One of the software houses that I've done some work for over the years has had a number of unexpected issues with their clients and had to shed quite a lot of their staff. This is always a concerning time and I'm seeing a lot of worried and unhappy people. Either they don't think  their jobs will last, or they are upset at having been moved to roles that they don't want.

Many see no option but to try to stick it out, even if they hate what they're doing.

When I was young, the perceived wisdom was that it was best to get a job with a large company, as they have the stability for long term employment. I saw friends heading into banks, government departments, and Fortune 500 companies.

Image by Jordan Andrews
Image by Jordan Andrews

I'm sure there was a time long ago where this worked but I think the concept of stable employment at large companies is almost illusory nowadays. In so many organizations that I deal with, I see pretty regular churn, and whole teams of good people discarded, almost at a whim.

By comparison, my friends that have created their own jobs have had by far the most stable and  satisfying careers. Many have built something up and are still doing it, even if the specifics have evolved over time. The other argument for larger companies has been that higher income can be achieved, yet many who have created their own jobs have now earned far more than if they'd joined a large company.

One of the beauties of being in these companies only on a part-time contract basis, is not being concerned when these seismic changes occur with organizations.

The way that I see the world evolving, I think it will be more important than ever to be in control of your own destiny. While it can be useful to get a good grounding in a business area from a larger company (to perhaps get a better understanding of the norms and professional standards of your industry), your future is likely to be brighter if you take care of it yourself, rather than outsourcing it to the whims of some company that you don't control.

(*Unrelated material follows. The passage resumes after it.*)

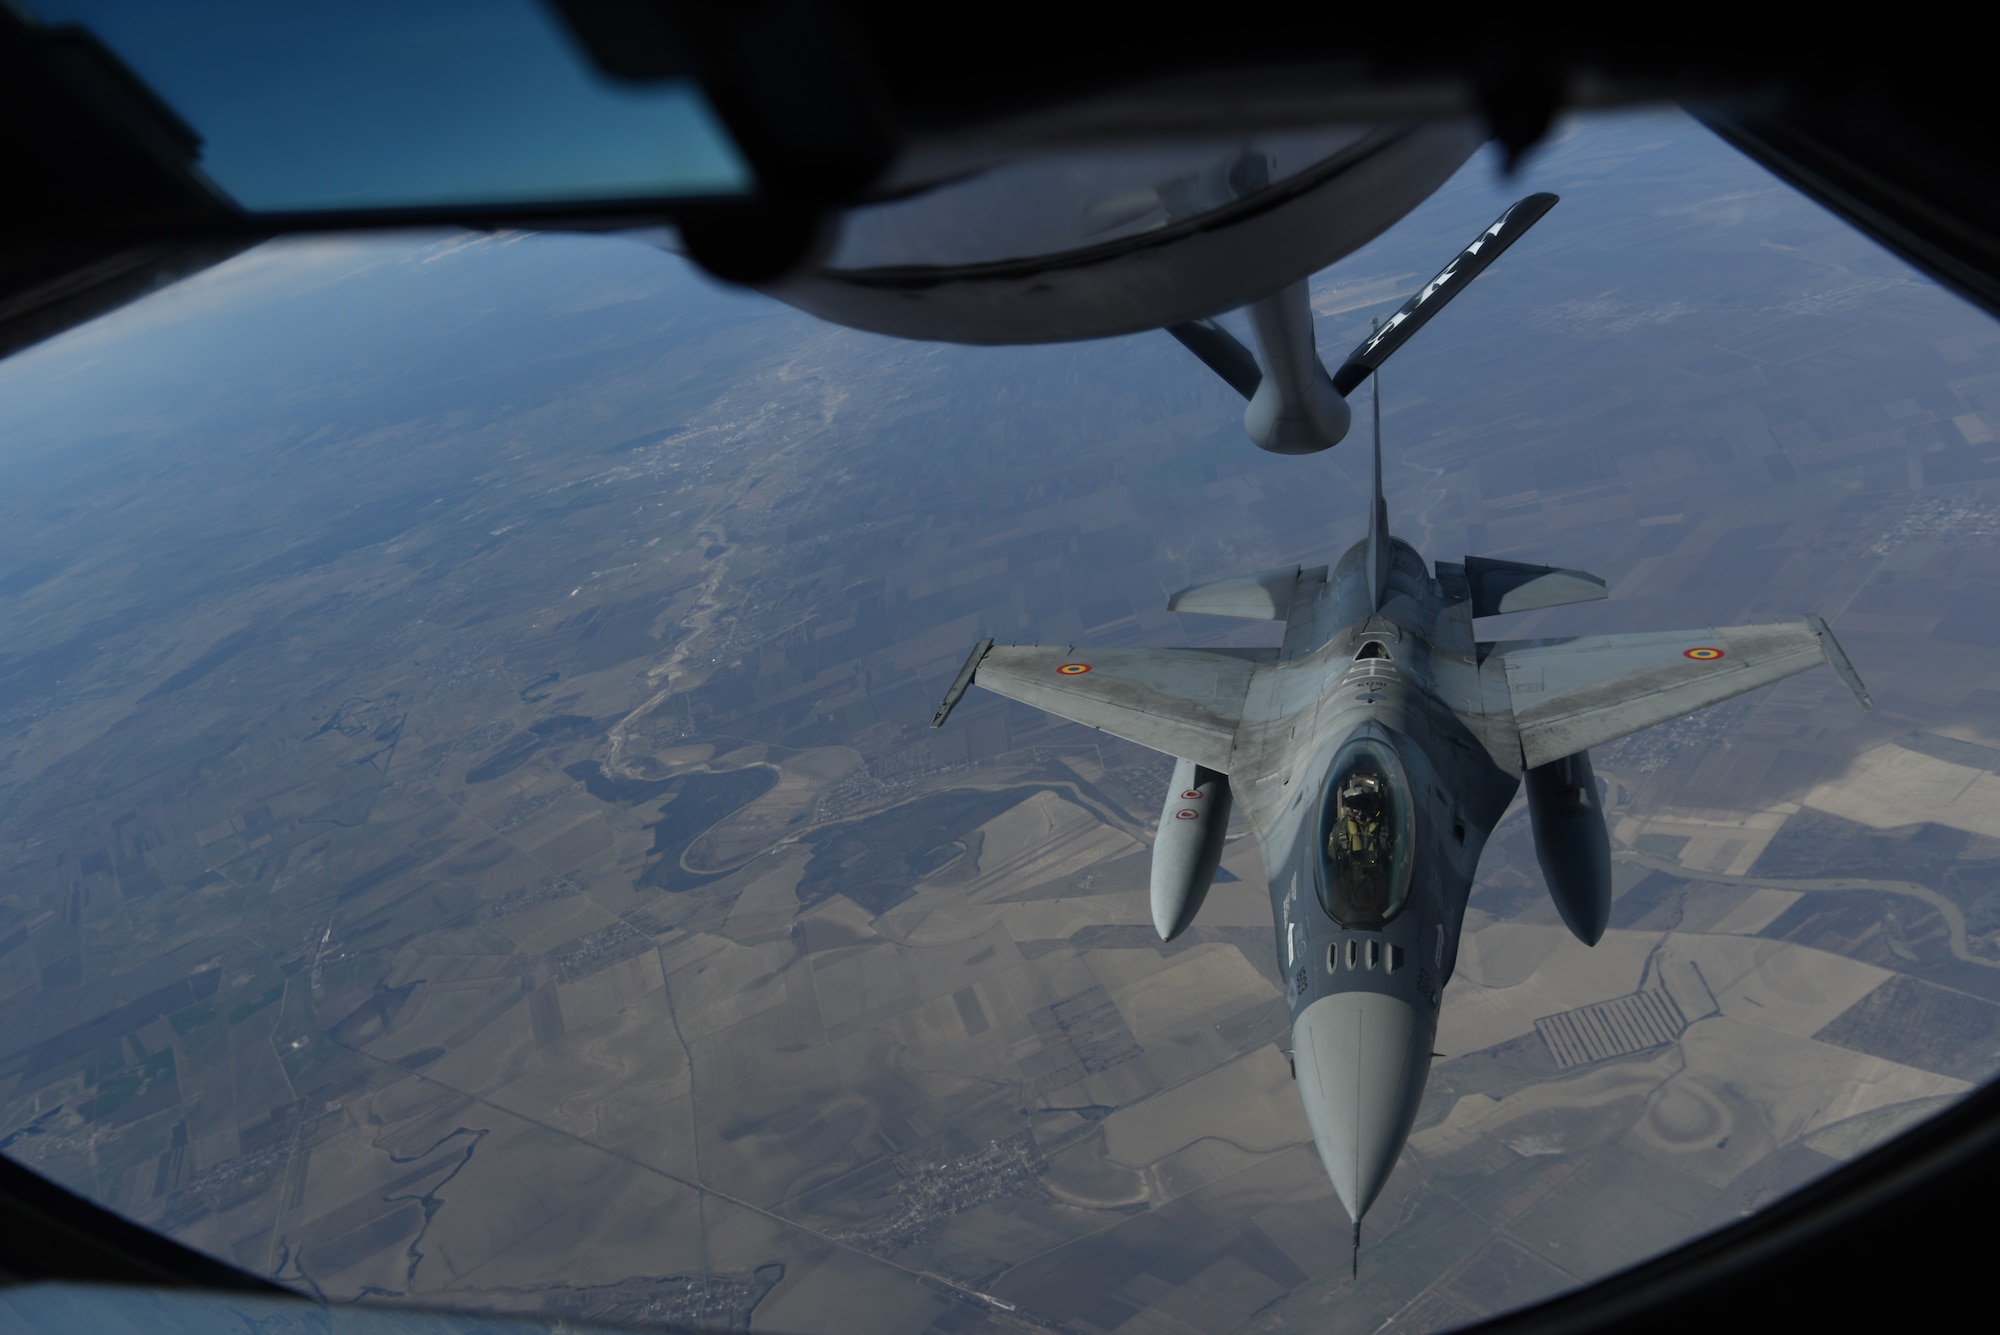 A Romanian air force F-16 receives fuel from a KC-135 Stratotanker from RAF Mildenhall, England during training over the skies of Romania, March 11, 2019. The training was an example of U.S. and NATO allies sharing a commitment to promote peace and stability through developing their relationship and communication process. (U.S. Air Force photo by Airman 1st Class Brandon Esau)

You need to be prepared to also take on the responsibility of your own career development ie: get yourself trained on useful areas, keep across new technologies, learn new skills. Be prepared to invest in yourself, not be someone who is whinging because your company isn't developing your career the way you'd like.

And while you're at it, find something that you love to do.

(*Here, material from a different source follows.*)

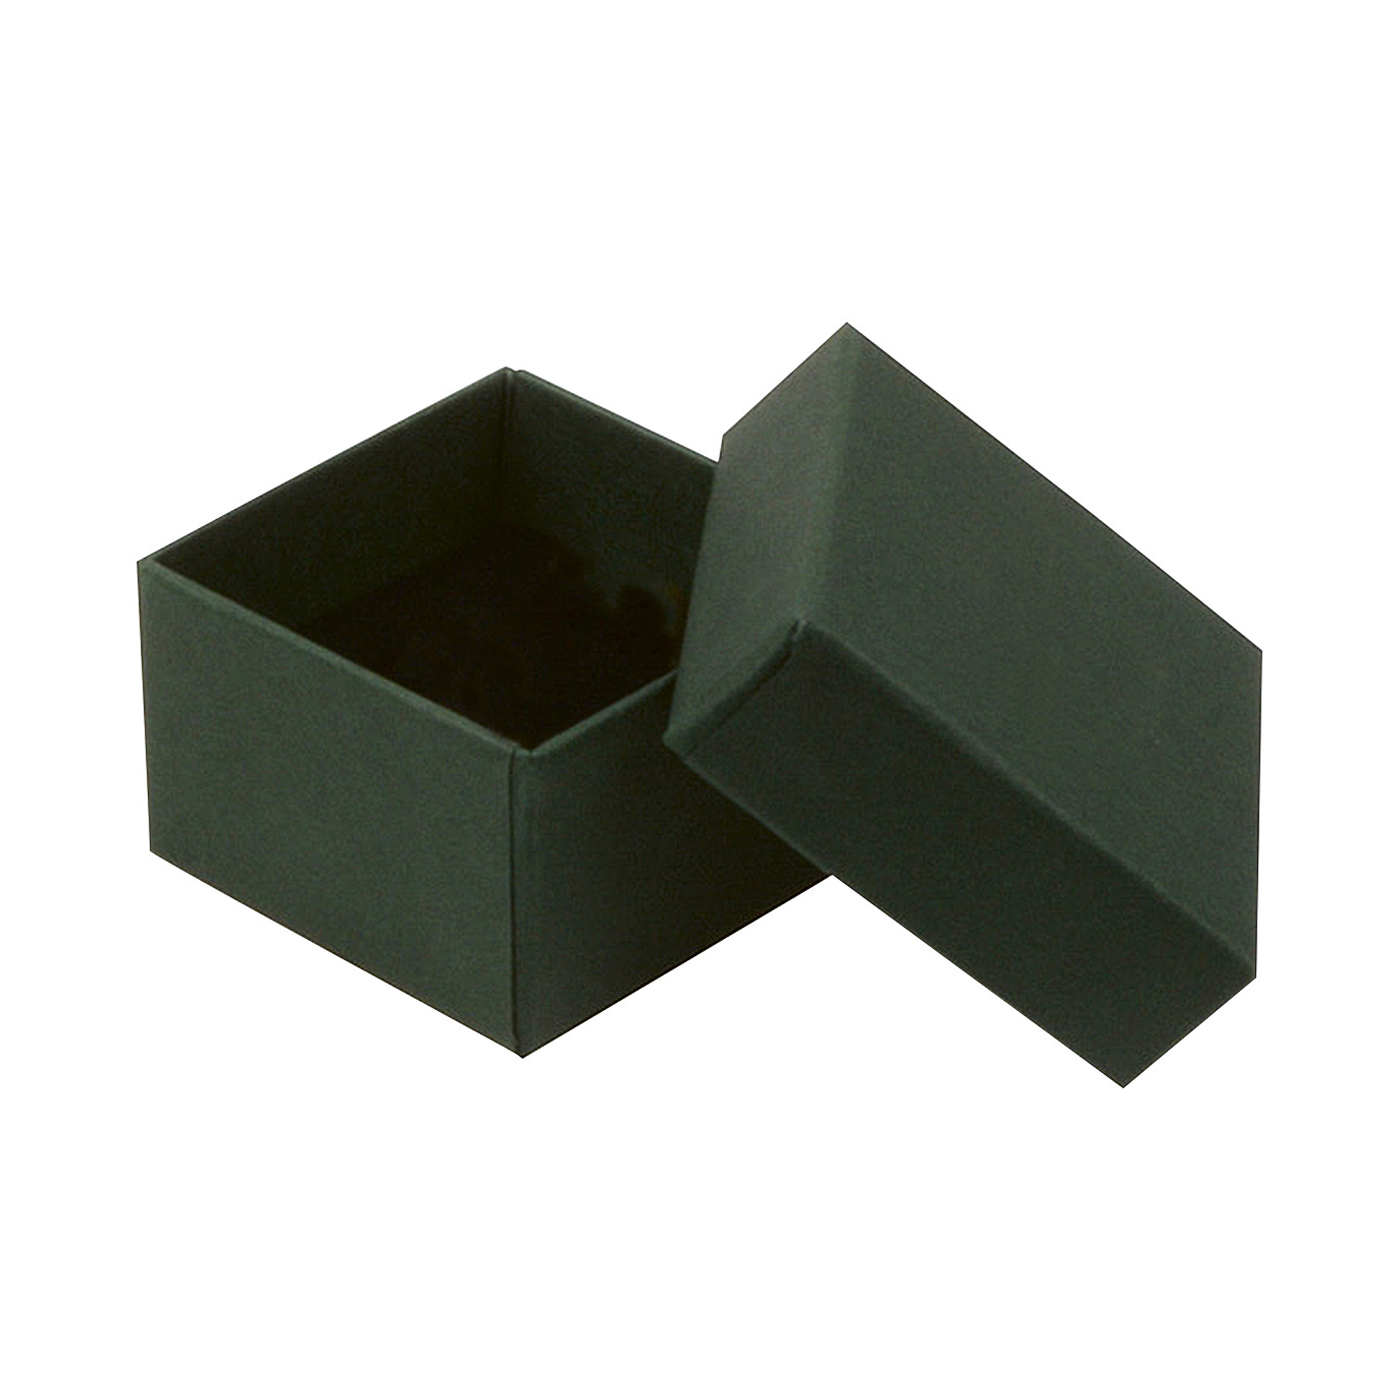 Jewellery Packaging "Eco", Green, 50 x 50 x 32 mm - 1 piece

Over time, I can see there being far less traditional 9-5 full-time job roles available, particularly at the lower-skilled end of the market. Don't be one of the "oh woe is me – who will give me a job now?" people.

Design your own job; take the initiative to make it happen. It may take a while but start today; invest in yourself, and take control of your own future.

One thought on “Opinion: Design your own job”

  1. Such wise words Greg! As somebody who had already experienced the triumph and tragedies of self-employment since my early 20s, I thought that as I entered my 40s and moved to the other side of the world it might somehow be less stressful to work directly for a larger enterprise. Despite having the opportunity to define my own role within that enterprise, I still feel that certain enterprises can limit their staff by the lowest common denominator rather than empowering or elevating them to greater things. I'm sure that's not true everywhere, but why take the risk? High quality on-demand training is now so reasonably priced and accessible that the whole model for developing technical skills has changed and is no longer something you have to depend on your employer for. The best on-demand training now includes practical exercises so it's not just learning the theory in isolation. You'll also probably gain far more practical experience from smaller start-ups which are agile enough to try new things and fail as opposed to larger enterprises that might instead choose to follow a well-trodden path. Designing your own job doesn't have to mean going it alone either, in the future I can imagine it being far more common for loose collectives of specialists to collaborate on specific projects on an ad-hoc basis.